Note that in Unix, and on Macs, directories are separated by forward slash ( / ) characters, unlike Windows where the backslash ( \ ) is used. And the root of all the file systems is that 1st forward slash.

Finding file systems

So if you're on a new system, how do you know what file systems are available to you? The df (disk free) command will list all the available file systems. As its name suggests, it also shows file system sizes, so it's always good to use df -h (human readable) to see sizes in more readable form. Also, there can be many many file systems available on any given system, so always pipe the output to more.

df -h | more

This produces a rather busy display like this one:

Fortunately, you can ignore most of it. Focus on the Mounted on and Size columns.

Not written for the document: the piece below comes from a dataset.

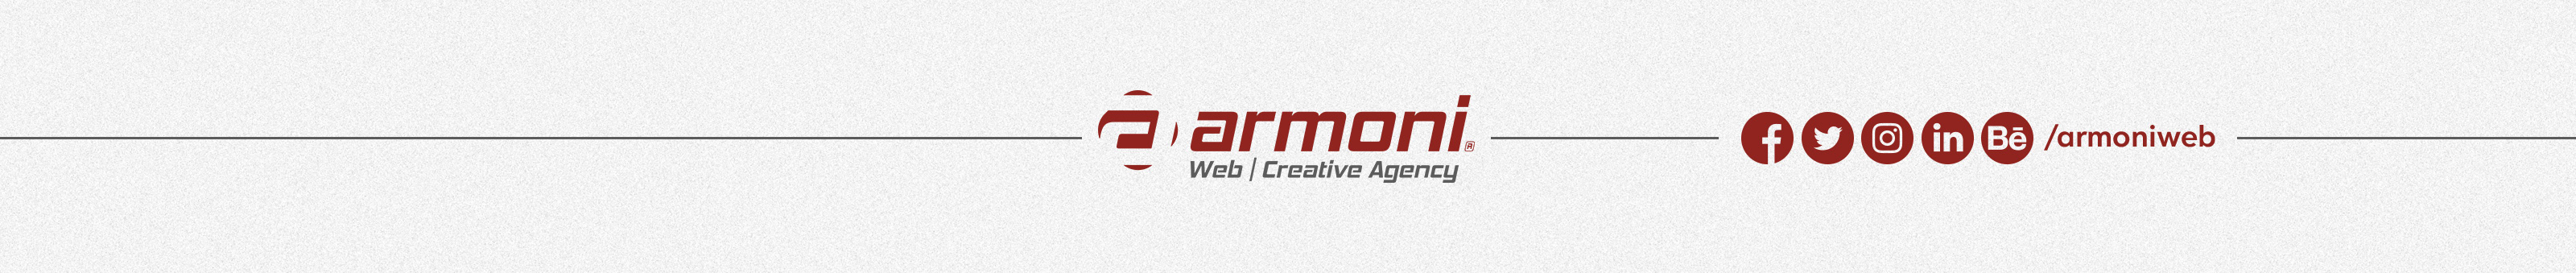 Armoni ® Web's profile banner

  • / (forward slash), under the Mounted on column:
    • / (forward slash) is the root of the file system where the operating system is installed
    • Note its Size is 98G with 47G used
  • Look for Mounted on entries with large Size numbers:
    • Gigabytes (10^9 bytes), Terabytes (10^12 bytes), Petabytes (10^15 bytes)
  • Ignore file systems with names like /run, /dev, /snap, /sys, /boot, /tmp, /var – these are system related
  • Here we see a number starting with /stor (/stor, /stor/home, /stor/work, etc.)
    • Note its large Size: 39T - a sign that it's a file system you want to know about.

Here's a similar listing from the Lonestar5 compute cluster at TACC:

Here the big important file systems are /home1 (7.0T), /scratch (8.1P) and /work (6.8P). There's also /admin (3.5T) but its name suggests that normal users won't be able to access it.

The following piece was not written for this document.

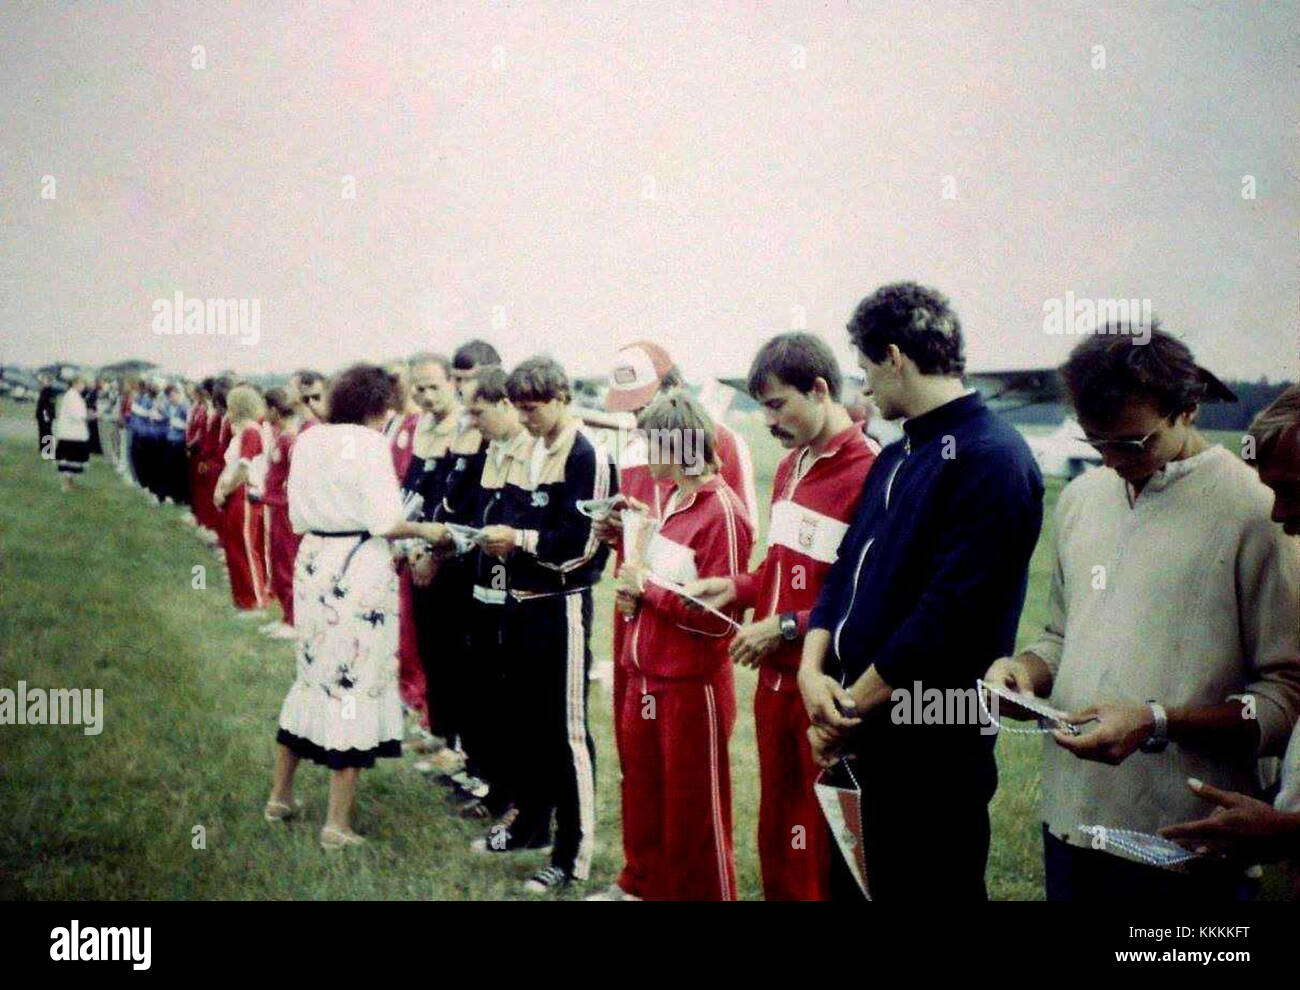 XXXII Spadochronowe Mistrzostwa Polski, Rybnik 1988 (1) Stock Photo

Navigating the file system

Now that we know there are other places, how do we get there? Enter the cd (change directory) command:

  • cd <optional directory_name>
    • with no argument, always changes to your Home directory.

There are also some "special" built-in directory names:

  • ~ (tilde) means my Home directory
  • . (single period) means the current directory
  • .. (two periods) means the parent of the current directory (directory above it)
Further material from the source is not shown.